EMBEDDING_MODEL = "all-mpnet-base-v2"

### Load models into specific cache

In [2]:
# Initialize HuggingFace embeddings
huggingface_embeddings = HuggingFaceEmbeddings(
    model_name=EMBEDDING_MODEL,
    model_kwargs={"device": device},
    cache_folder = HF_CACHE_W_PATH
)

  return self.fget.__get__(instance, owner)()


In [3]:
# Initialize loaders for different file types
pdf_loader = DirectoryLoader("data/", glob="**/*.pdf", loader_cls=PyPDFLoader)
markdown_loader = DirectoryLoader(
    "data/", glob="**/*.md", loader_cls=UnstructuredMarkdownLoader
)
text_loader = DirectoryLoader("data/", glob="**/*.txt", loader_cls=TextLoader)

all_loaders = [
    pdf_loader, 
    markdown_loader, 
    text_loader
    ]

# Load documents from all loaders
loaded_documents = []
for loader in all_loaders:
    loaded_documents.extend(loader.load())

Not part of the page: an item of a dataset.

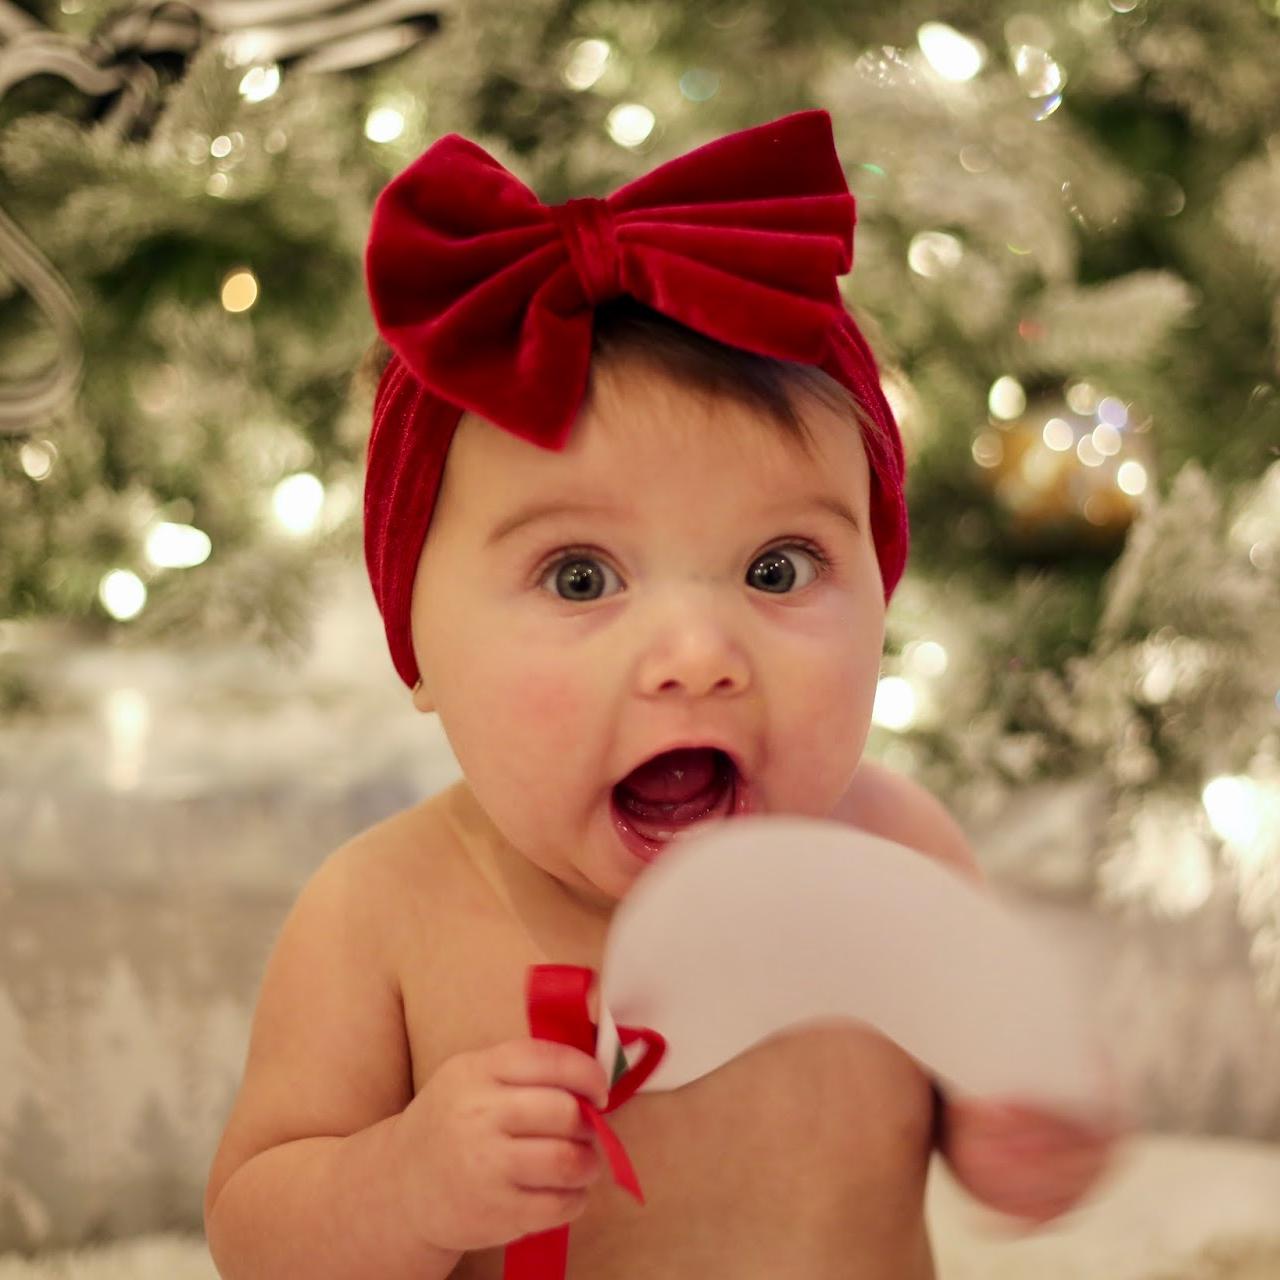 Baby BOOM astrology: Γιατί είναι τέλειο να έχεις κόρη τοξότη!

# Split loaded documents into chunks
text_splitter = RecursiveCharacterTextSplitter(chunk_size=500, chunk_overlap=40)
chunked_documents = text_splitter.split_documents(loaded_documents)


Auto

In [4]:
from langchain_community.vectorstores import Chroma

# Create and persist a Chroma vector database from the chunked documents
vector_database = Chroma.from_documents(
    documents=chunked_documents,
    embedding=huggingface_embeddings,
    persist_directory=DB_DIR.as_posix(),
)

vector_database.persist()